Third, chapter 2007-62 eliminated interim billing. Under prior law, an attorney could request a judicial determination that a matter was "extraordinary and unusual" while the case was pending. If so, counsel's services would be eligible for billing at an hourly rate, and the JAC could pay the attorney as the case progressed, usually at six-month intervals. § 27.5304(2), (10), Fla. Stat. (2006). Under chapter 2007-62, however, court-appointed counsel must not only wait until final disposition of the case to be paid but must also wait until final disposition to learn if payment for his or her services will qualify for the hourly rate. See § 27.5304(3), (12)(d).

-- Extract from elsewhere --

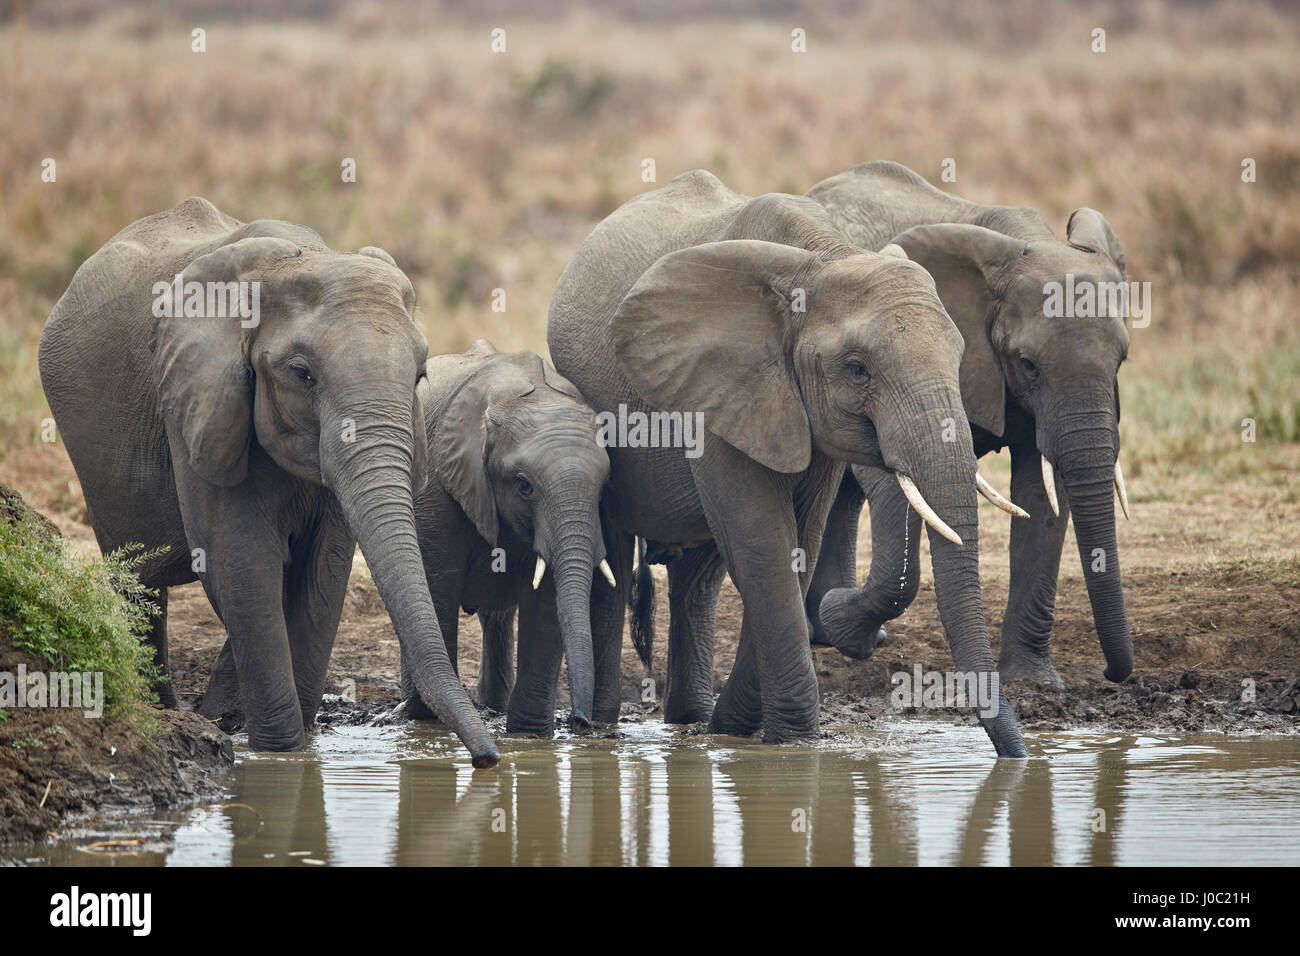 L'éléphant africain (Loxodonta africana) boire, Parc National de Mikumi, Tanzanie Banque D'Images

C. The Act's Impact on the Criminal Defense Bar in Manatee County

The circuit court described the effect of the changes made by chapter 2007-62 in the compensation system on the criminal defense bar as follows:

Since the typical "extraordinary and unusual" case can be active for several months, if not years, and routinely consume hundreds of hours of professional time, the last sentence of section 27.5304(3) has proven to be an effective disincentive for the private bar. Few criminal defense lawyers are willing to risk the economic burden such an appointment would impose on their financial security, and gamble they will get fair compensation at the tail end of litigation.

These uncertainties about payment led to a substantial reduction in the number of attorneys in Manatee County willing to accept appointments to criminal cases under a JAC contract. In May 2007, when the Act went into effect, there were approximately fifteen attorneys practicing in Manatee County on the JAC registry list. A little over one year later, there were only five such attorneys. Of the five attorneys remaining on the JAC registry list, two attorneys declined to handle anything more serious than a second-degree felony. This left only three attorneys on the list who were available to defend persons accused of first-degree felonies or other more serious crimes.

D. Targeting the Gangs: The Agustin and Brown Cases

While these changes to the system for paying court-appointed private counsel in criminal cases were occurring, law enforcement agencies were initiating aggressive strategies to target the criminal activities of street gangs in Manatee County. These aggressive strategies led to a number of individual arrests. However, according to the circuit court, the filing of two multidefendant cases was the factor that "had the most profound impact to date on the efficiency of circuit court operations." The first case, State v. Agustin, Manatee Circuit Court ...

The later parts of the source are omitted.